Segment Start: Listed entries

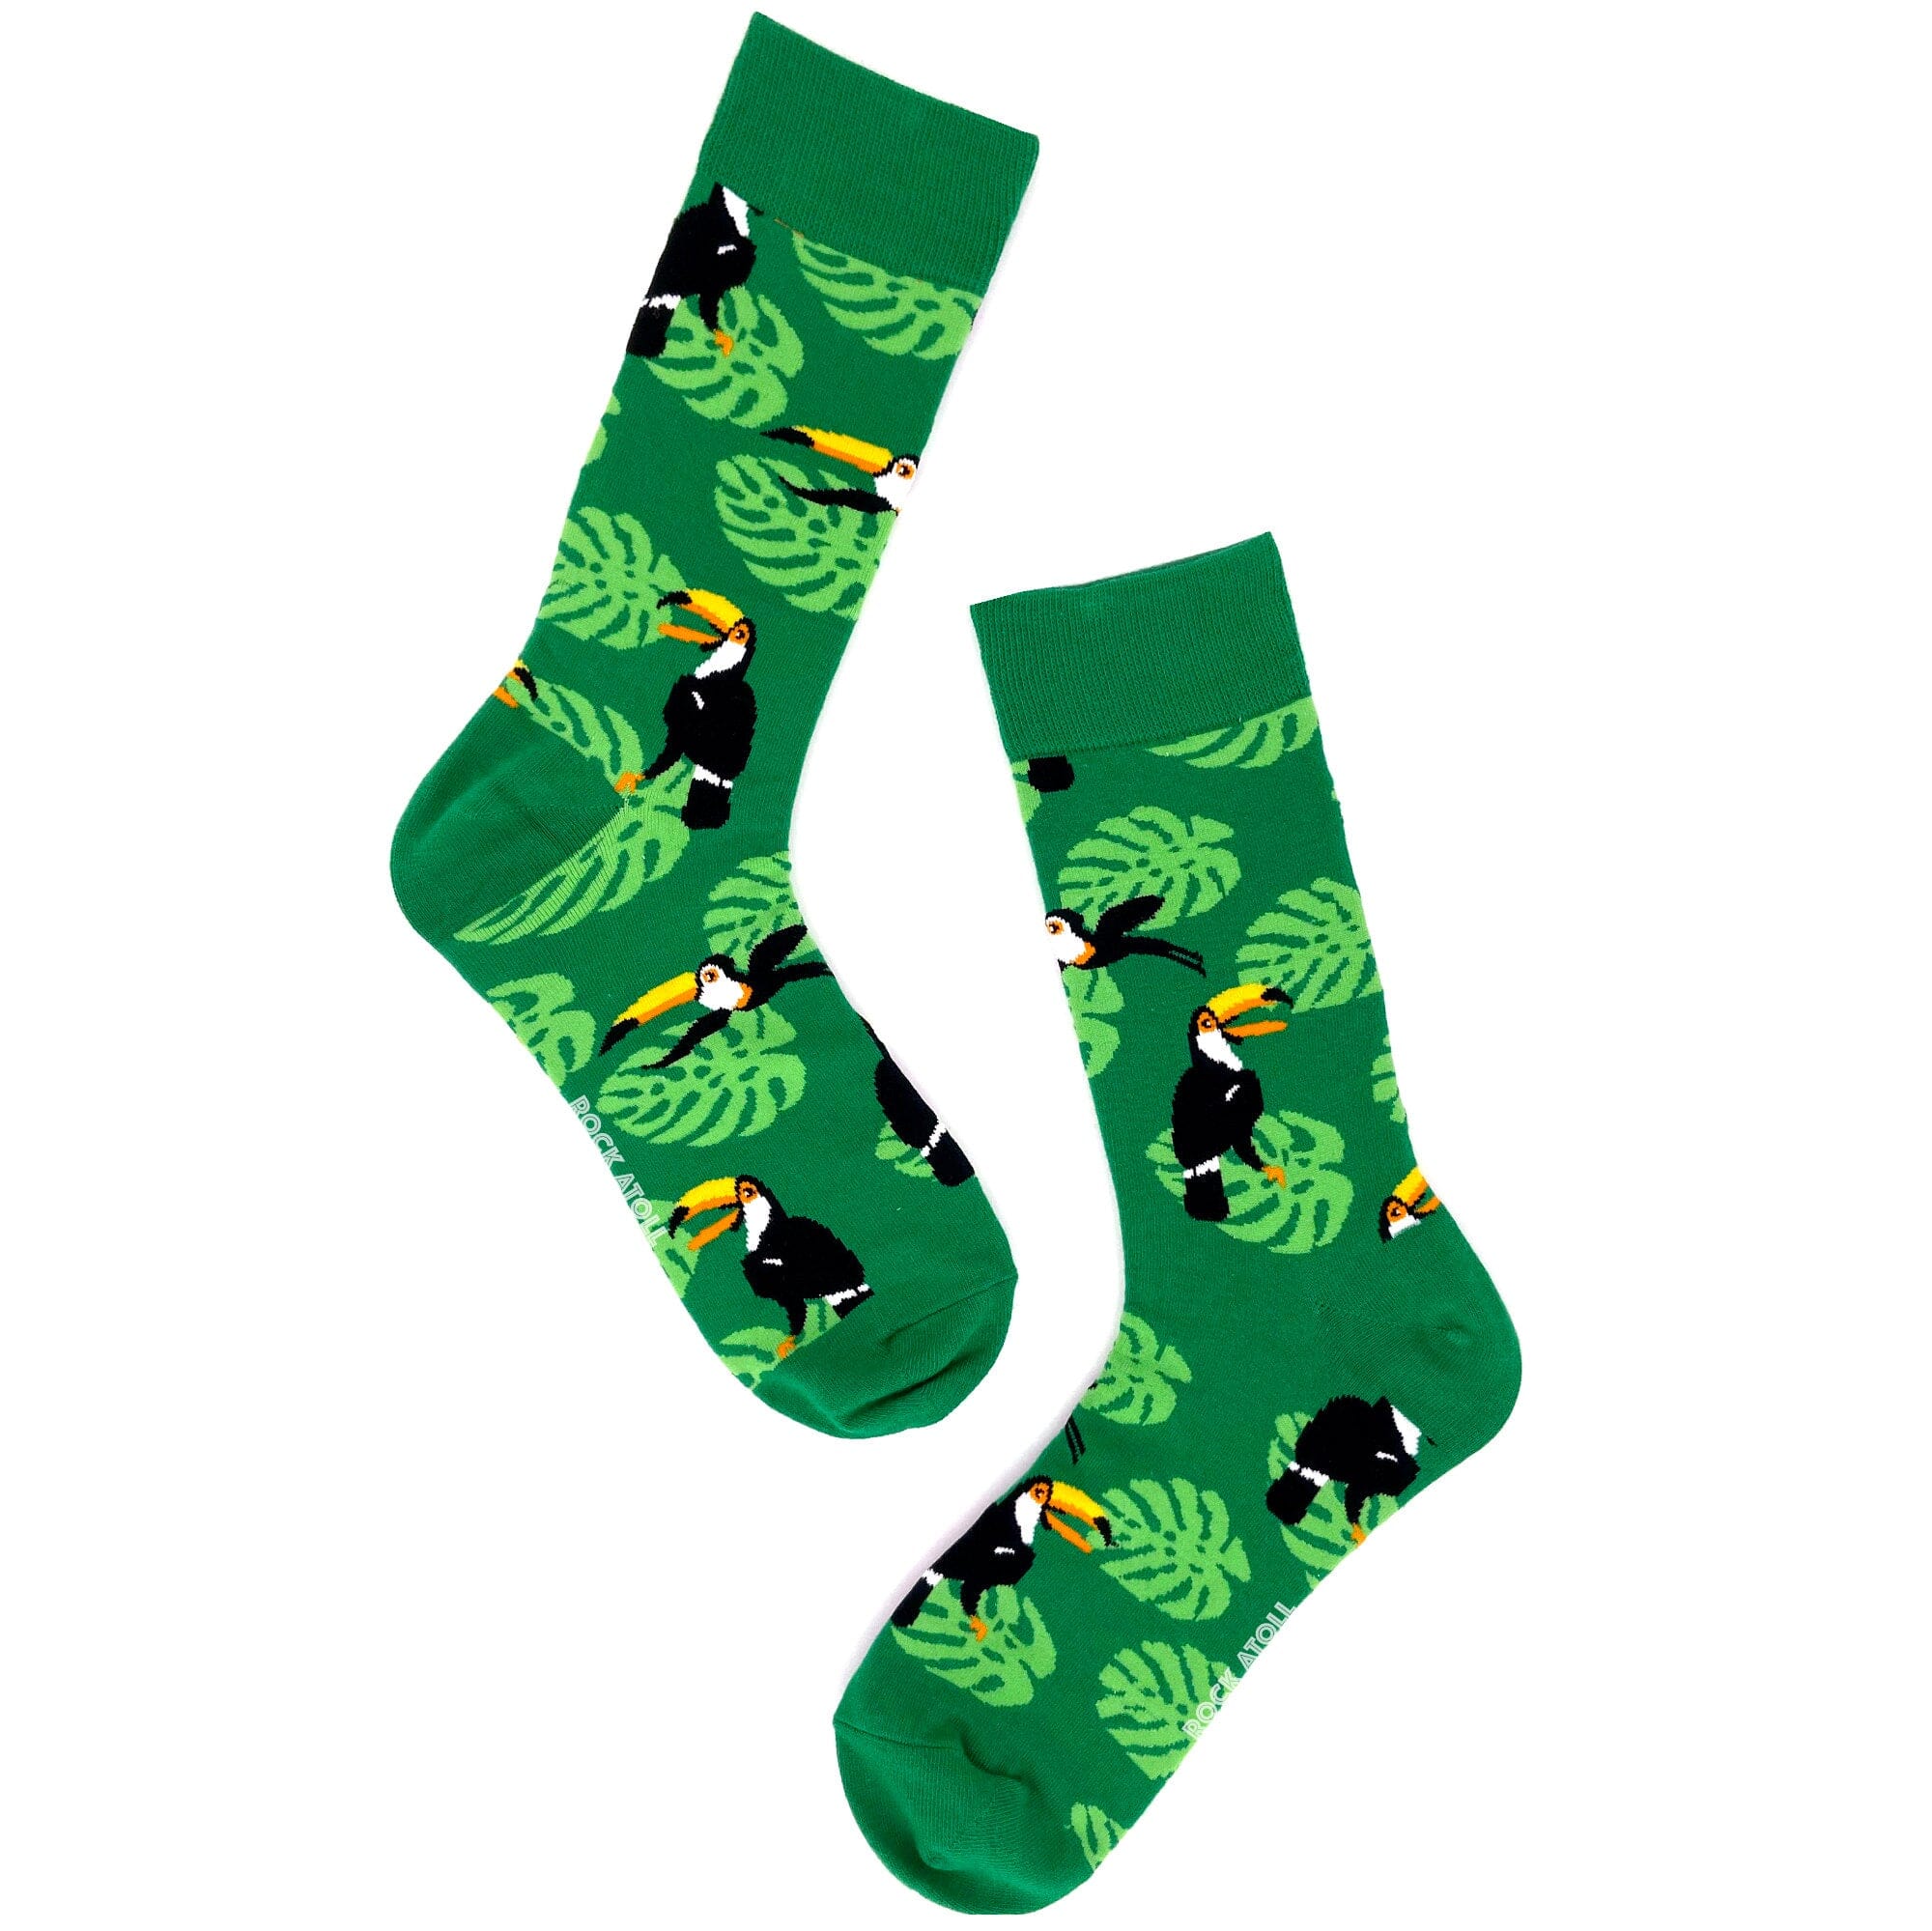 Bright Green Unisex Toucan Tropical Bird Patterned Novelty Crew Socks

Segment End: Listed entries
Segment Start: Listed entries

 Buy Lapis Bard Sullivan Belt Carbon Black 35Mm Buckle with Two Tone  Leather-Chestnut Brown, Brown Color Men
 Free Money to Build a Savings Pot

Segment End: Listed entries
Segment Start: Listed entries

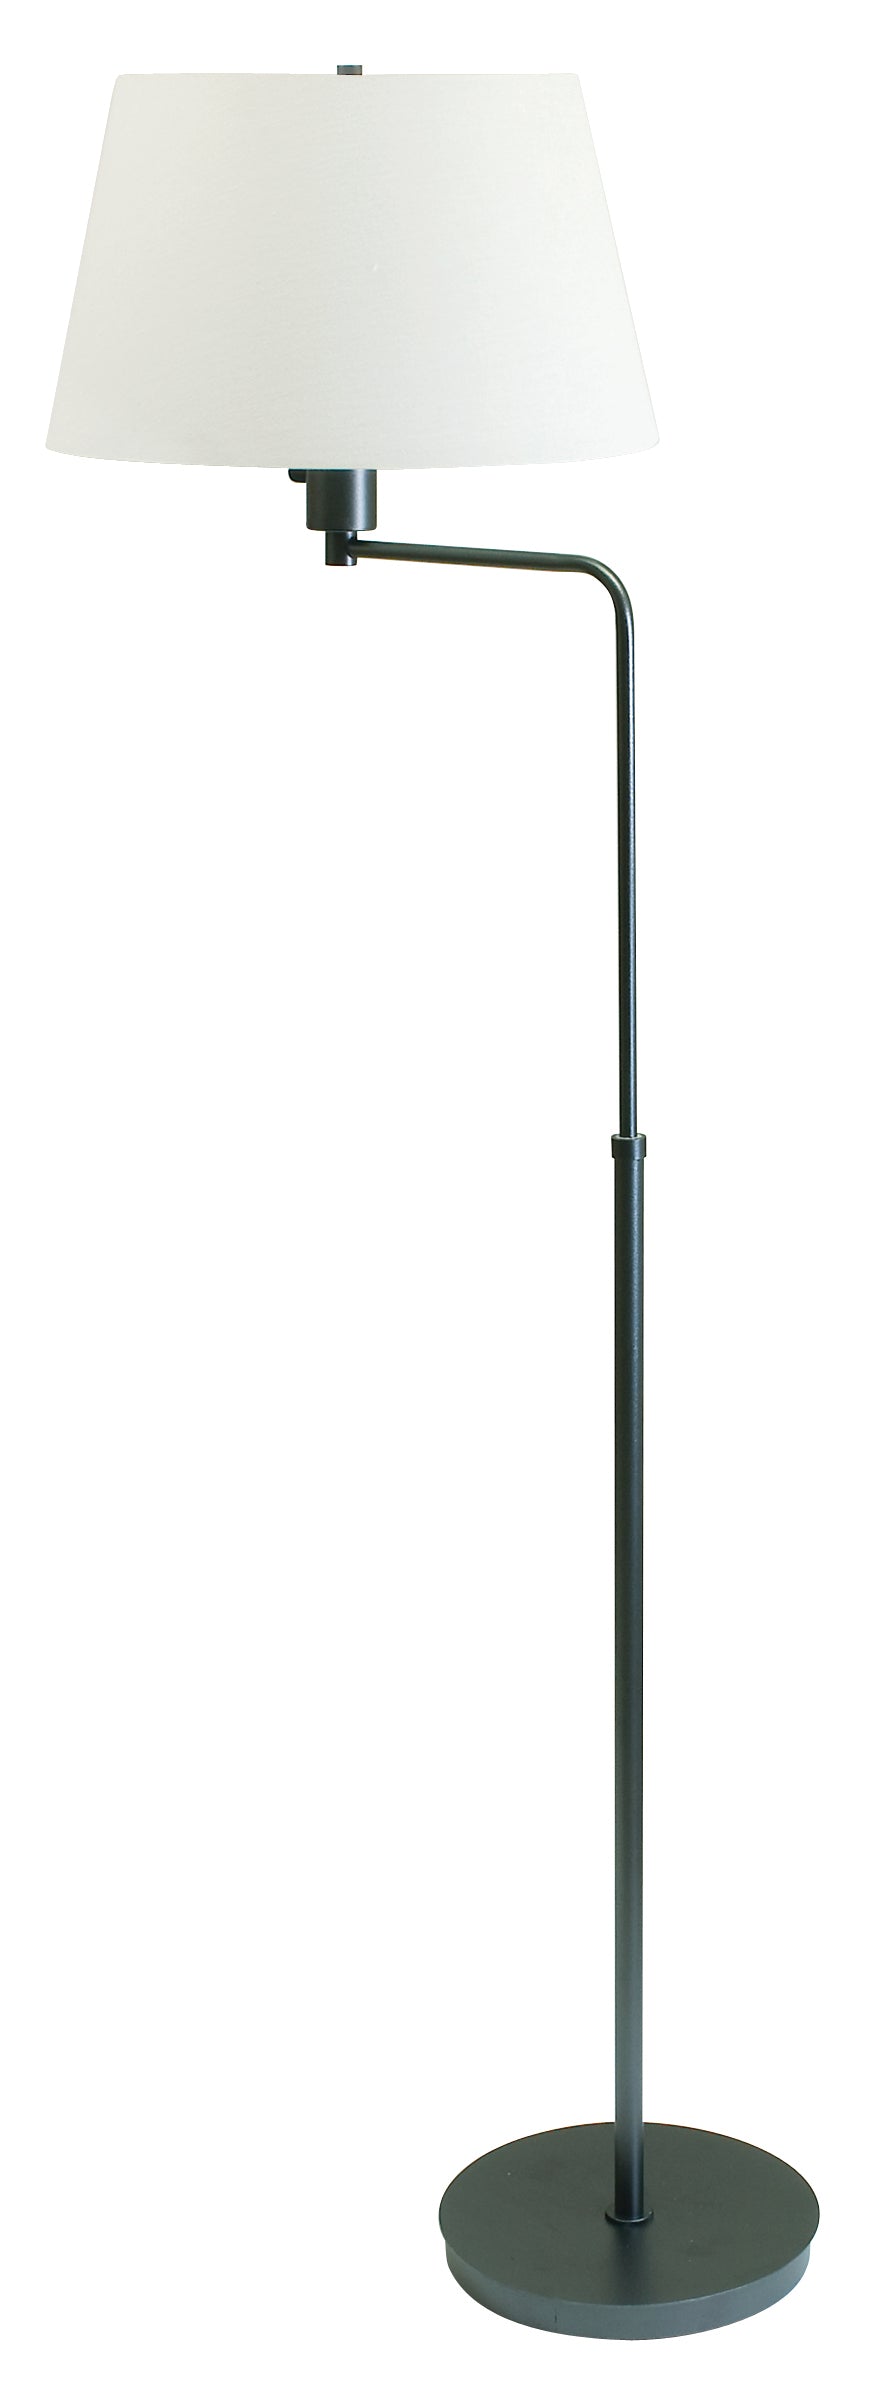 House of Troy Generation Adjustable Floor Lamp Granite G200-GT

Segment End: Listed entries

Requirement: Look above for the line containing "Buy Lapis Bard" and the line containing "Free Money to Build a Savings Pot". Transcribe both, with the lines between them, exactly.

Output below:
 Buy Lapis Bard Sullivan Belt Carbon Black 35Mm Buckle with Two Tone  Leather-Chestnut Brown, Brown Color Men
 Free Money to Build a Savings Pot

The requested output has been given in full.